### What the task requires
Return the data verbatim, without pictures.

### Supplied material
Content starts

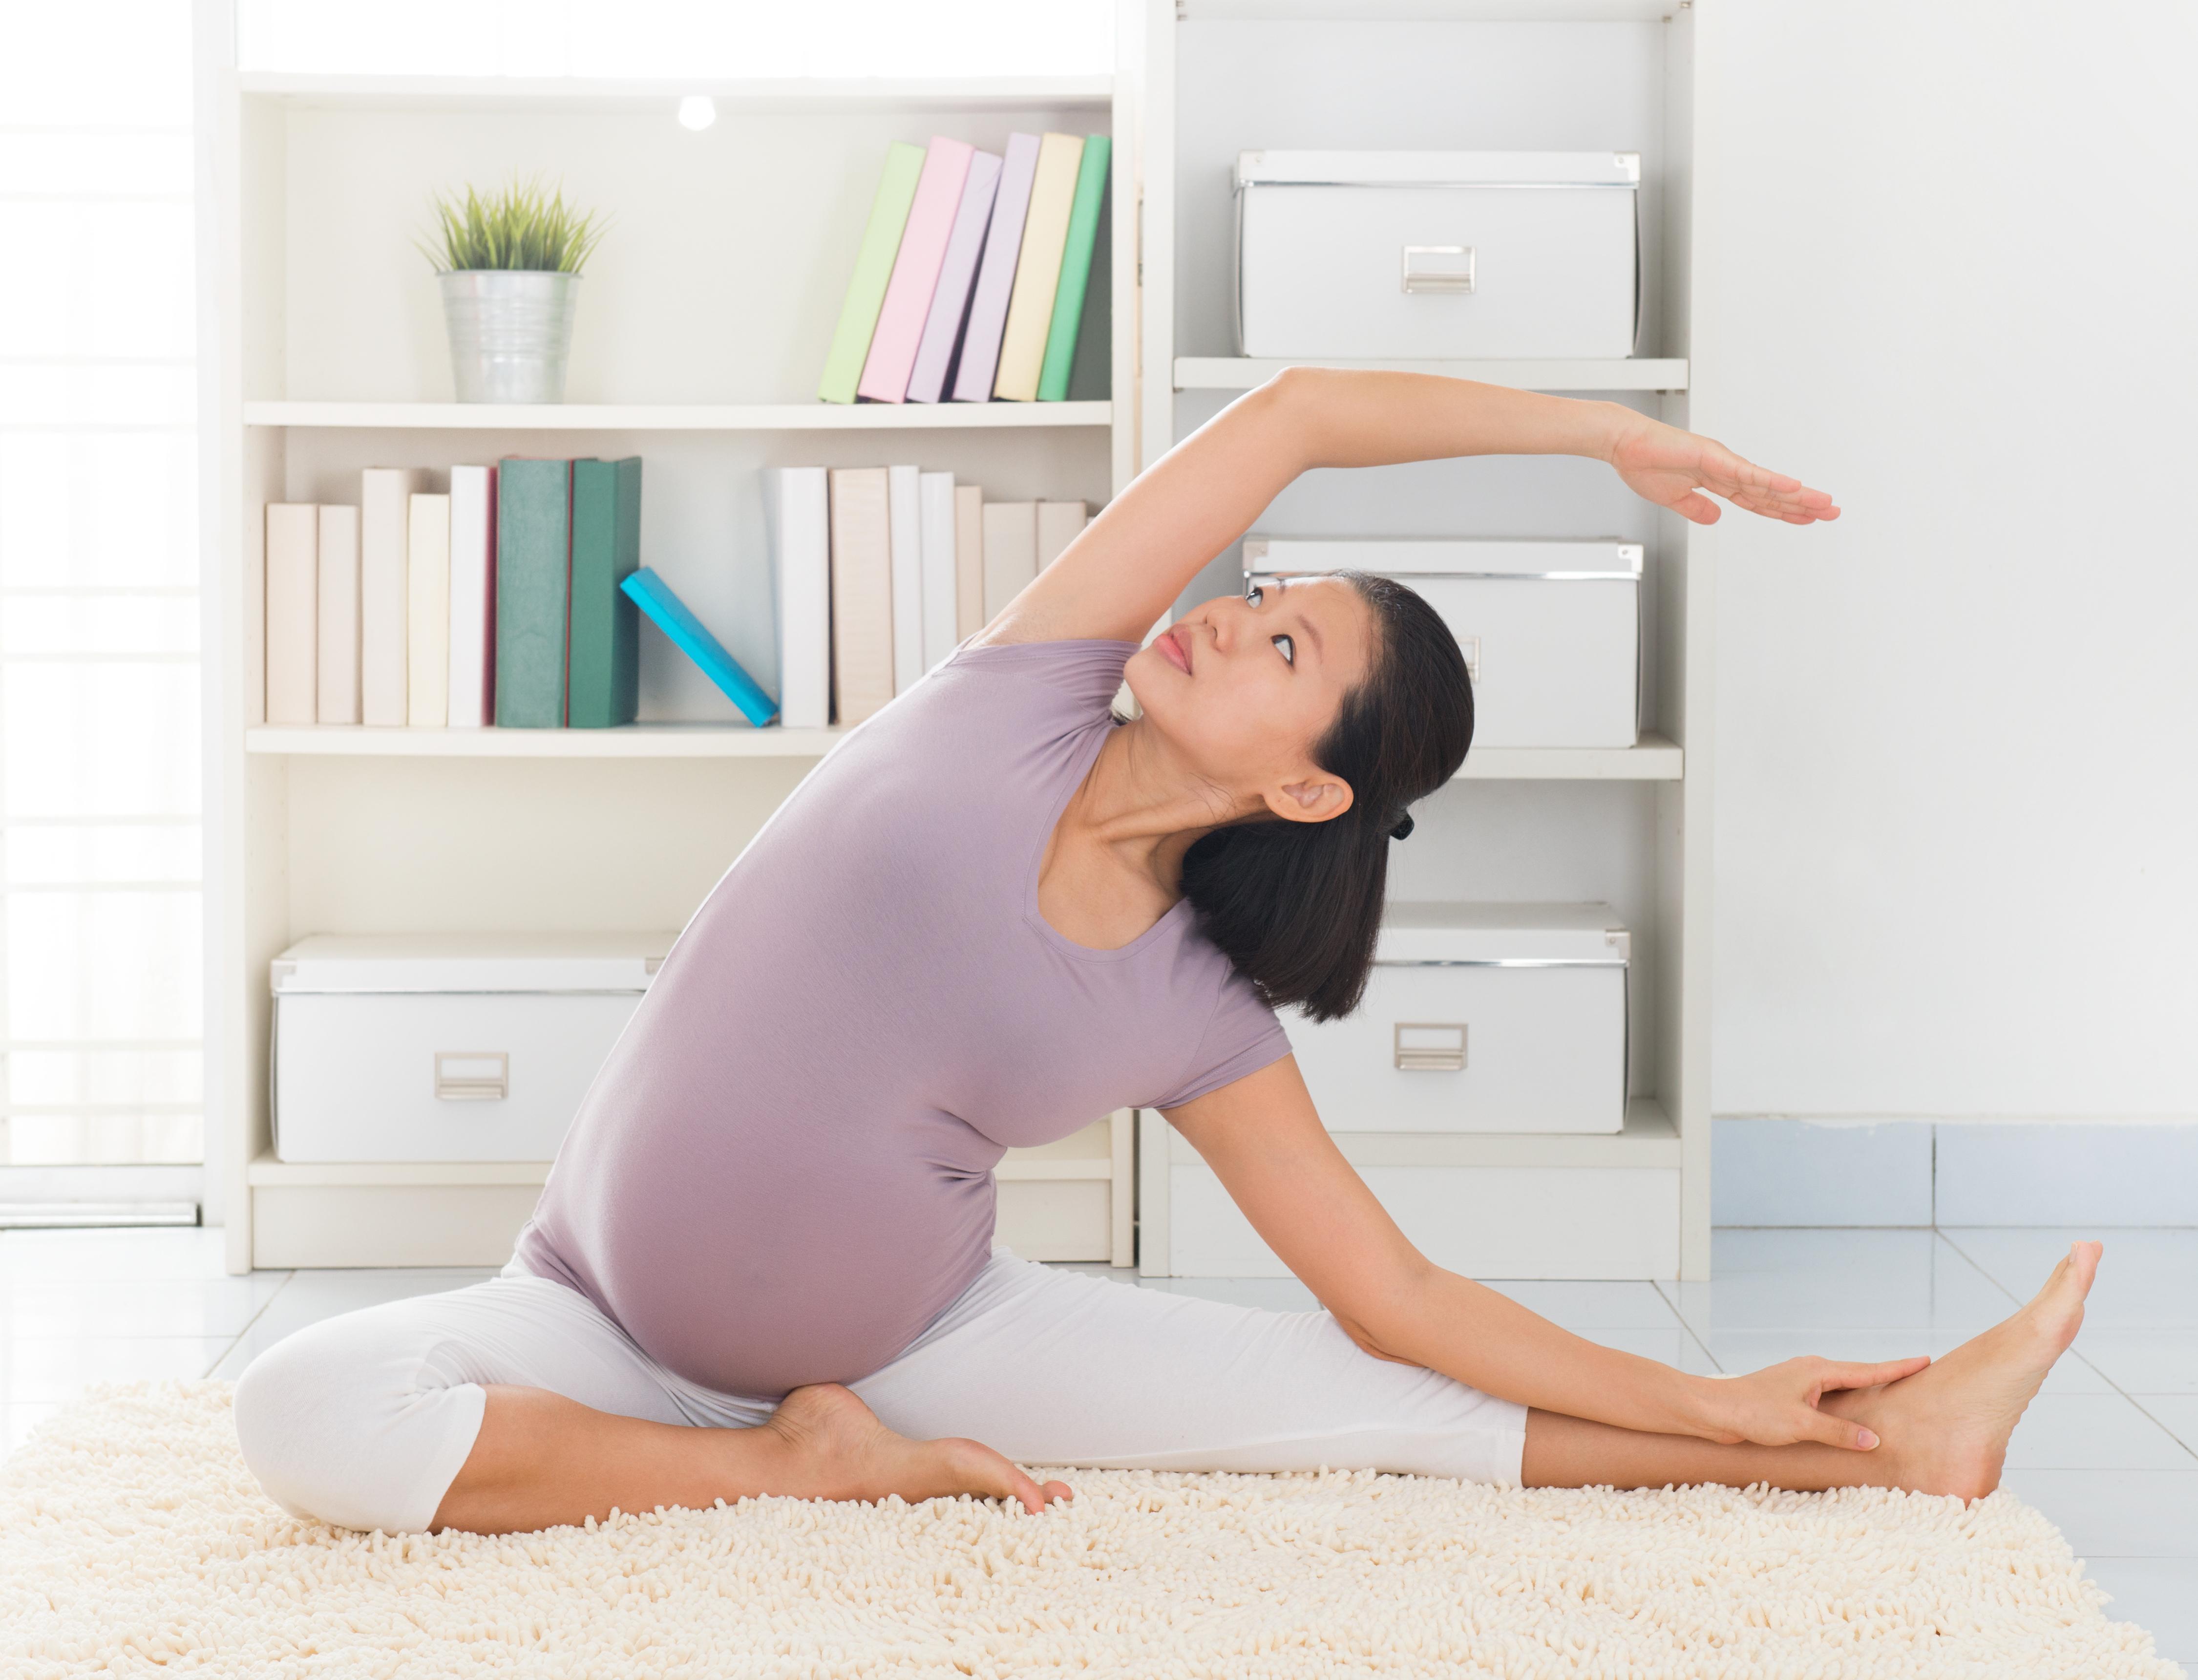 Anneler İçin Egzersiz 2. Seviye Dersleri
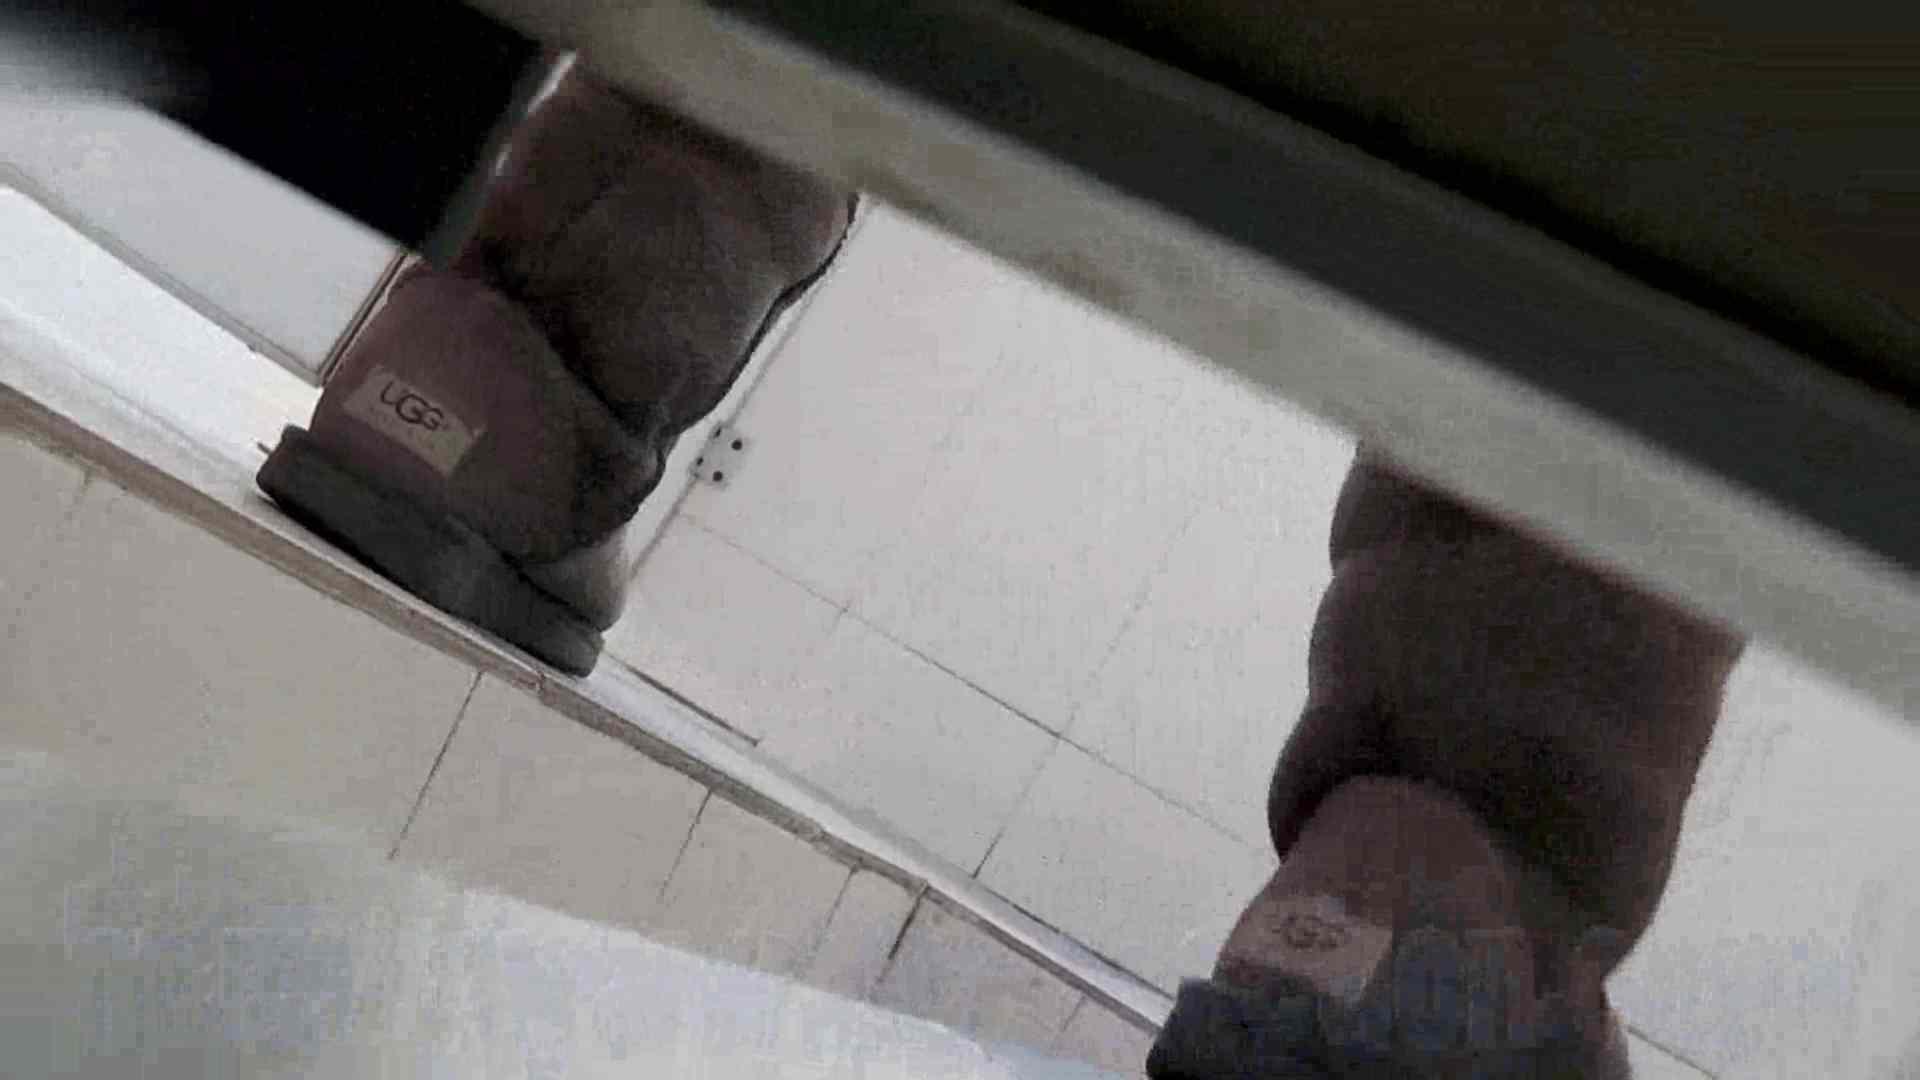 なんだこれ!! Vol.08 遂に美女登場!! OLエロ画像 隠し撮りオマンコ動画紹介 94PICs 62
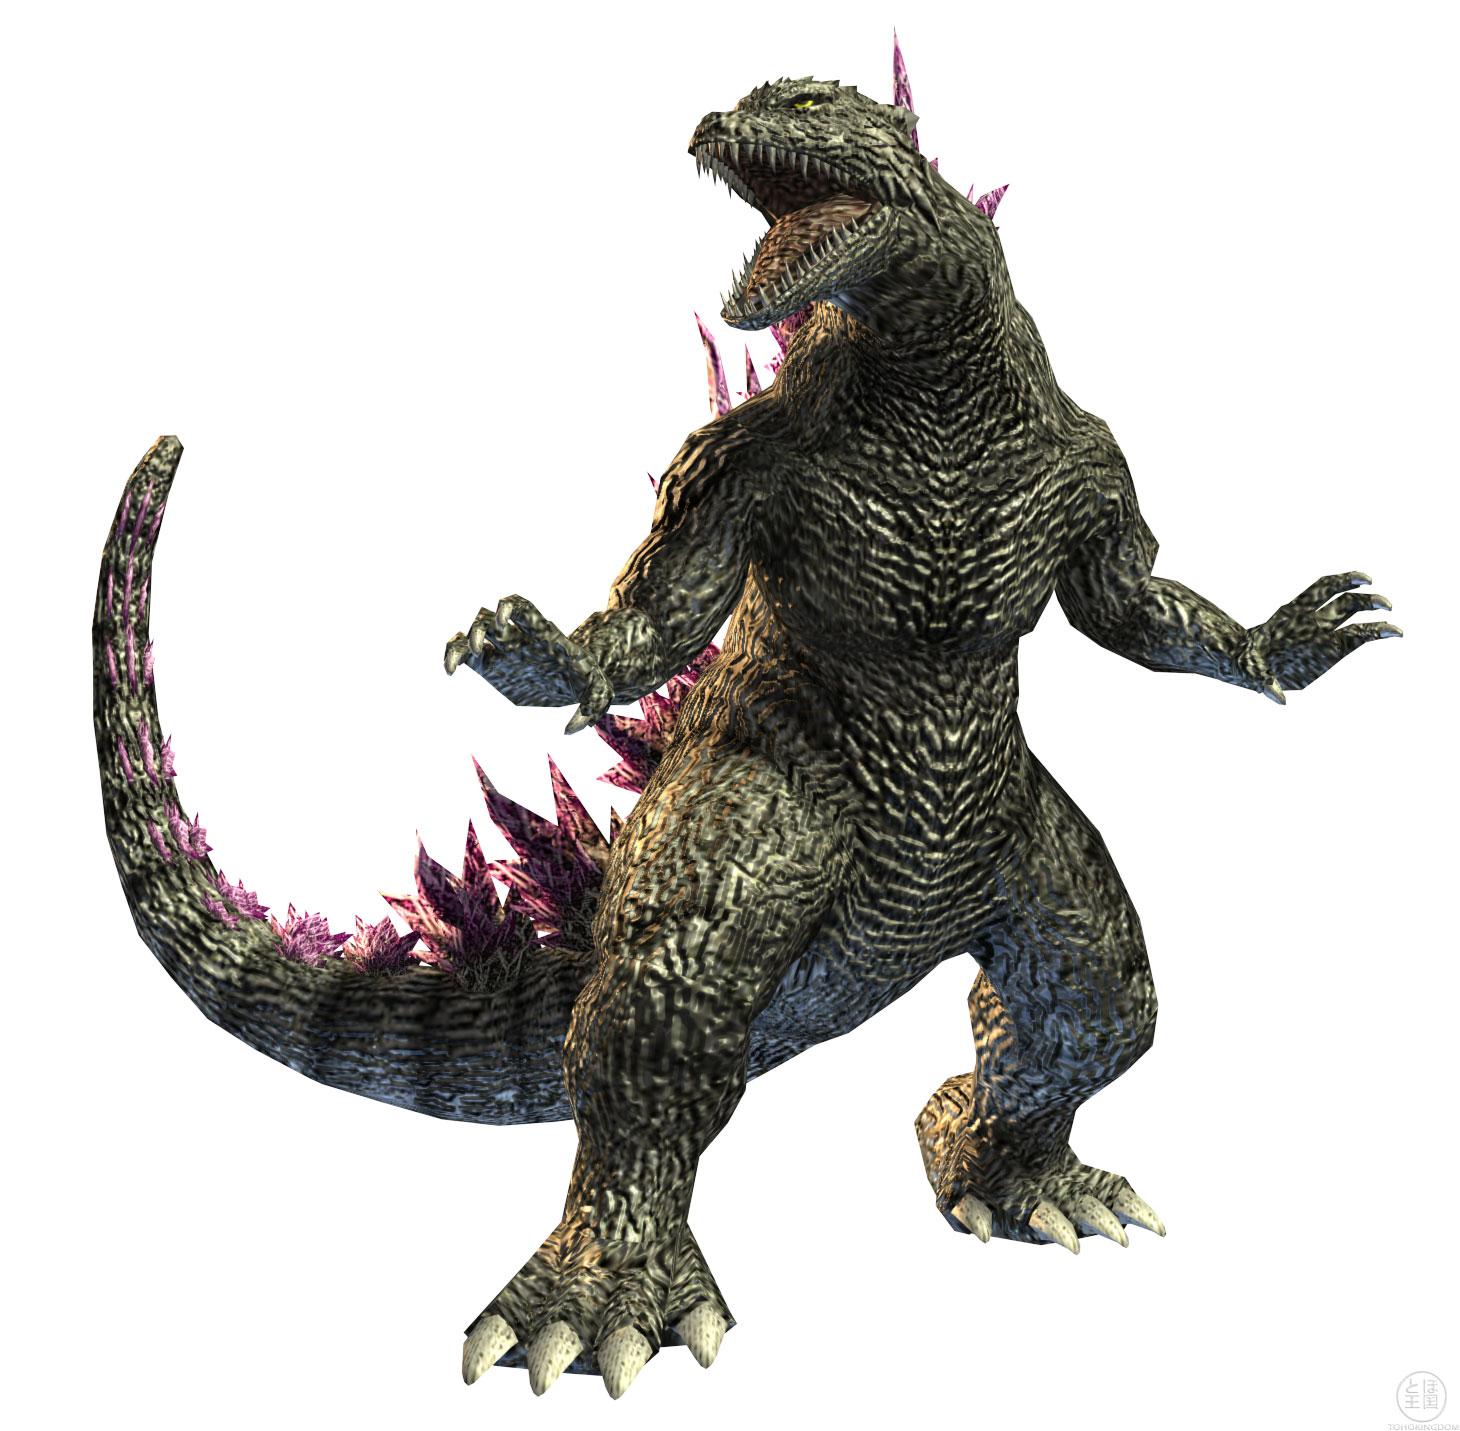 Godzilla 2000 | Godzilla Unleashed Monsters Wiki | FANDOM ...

Content ends

### Result of the exercise
 Anneler İçin Egzersiz 2. Seviye Dersleri
 なんだこれ!! Vol.08 遂に美女登場!! OLエロ画像 隠し撮りオマンコ動画紹介 94PICs 62
 Godzilla 2000 | Godzilla Unleashed Monsters Wiki | FANDOM ...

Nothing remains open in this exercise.